Vaulx-en-Velin (/fr/) is a commune in the Metropolis of Lyon, Auvergne-Rhône-Alpes, eastern France. It is the third-largest suburb of the city of Lyon, and is located to its northeast, on the river Rhône.

==History==
The rivers, including the Rhône, regularly overflowed their banks, leaving behind a swampy area. The first verifiable mention of the village of Vaulx-en-Velin comes from the year 1225. The place was not spared from wars either. In 1628 the plague raged in the village.
Many people suffered from malaria - the field name "En Palud" (French for "in the swamp") testifies to this. A dike was built between 1863 and 1879 to dry out around 9,000 hectares of land. The Saint Jean Villeurbanne dam, built between 1879 and 1882, protects Vaulx-en-Velin from flooding.
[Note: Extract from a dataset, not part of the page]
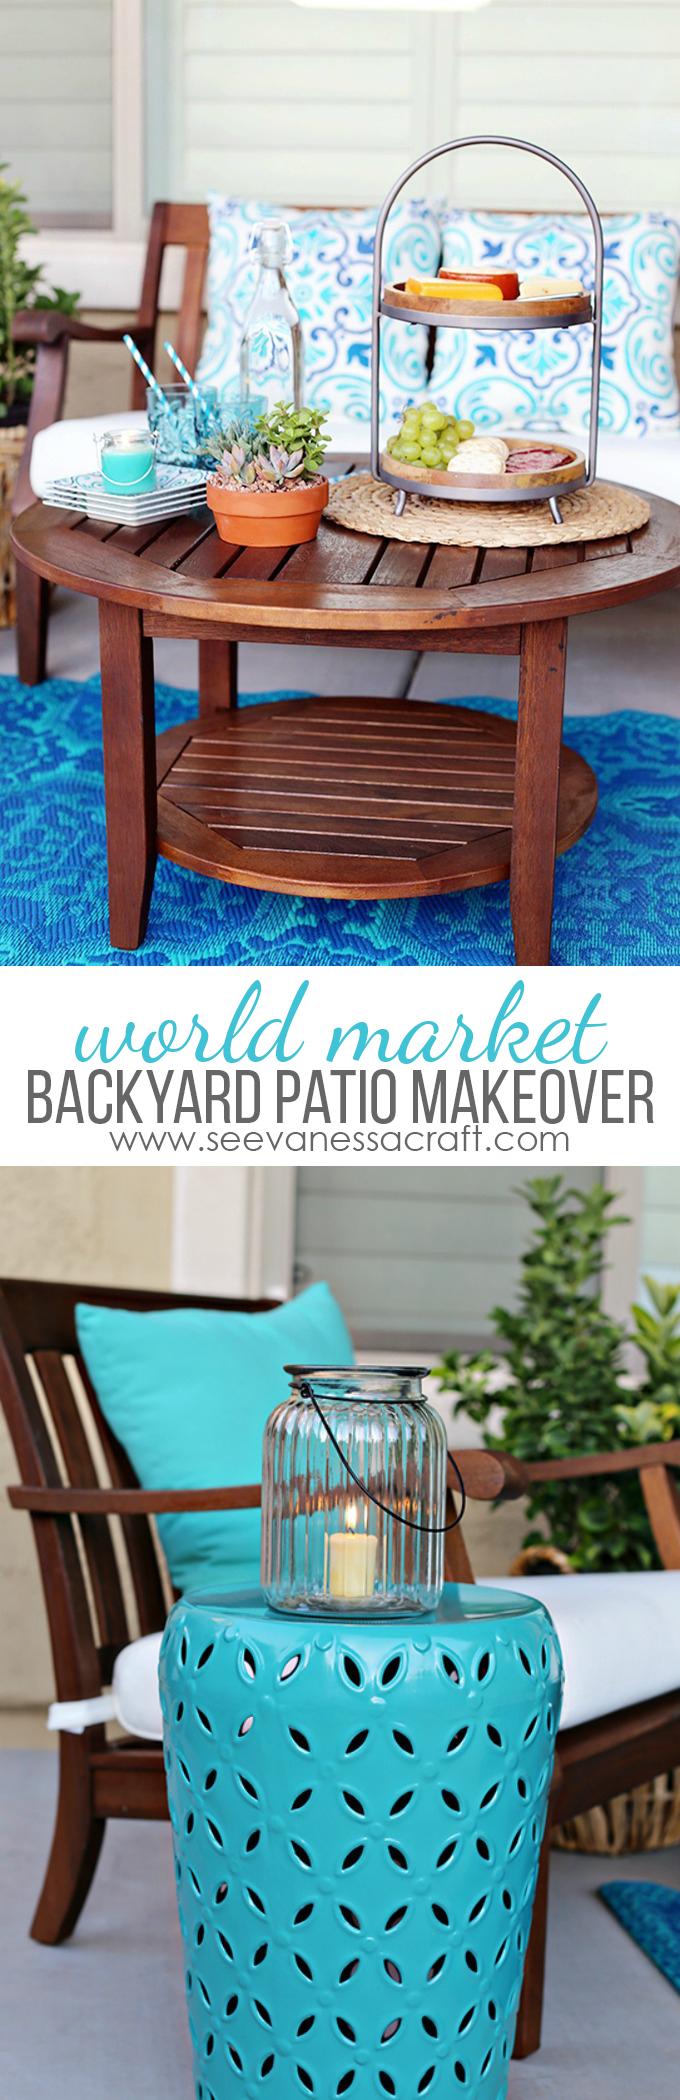 World Market Aqua Backyard Patio Makeover Ideas on Backyard Patio Makeover id=30660

At the beginning of the 20th century, Vaulx-en-Velin, which had traditionally focused on agricultural production (wheat, vegetables, and fodder, later sugar beets), underwent a transformation: Industrialization began in 1925 with the founding of SASE (Soie Artificielle du Sud-Est, artificial silk of the southeast), which specialized in converting cellulose into viscose (artificial silk). Up to 3,000 people worked in the textile industry in Vaulx-en-Velin. When the crisis in the textile industry became apparent in 1980 with the closure of the former SASE factory, the town was hit hard by unemployment.
The Hôtel de Ville was completed in 1977.

In 1971, the first riots and incidents occurred in a settlement that had been built specifically for Harkis. In September 1979 the first Banlieue suburban youth riots in France broke out in the Cité Olivier-de-Serres in Vaulx-en-Velin.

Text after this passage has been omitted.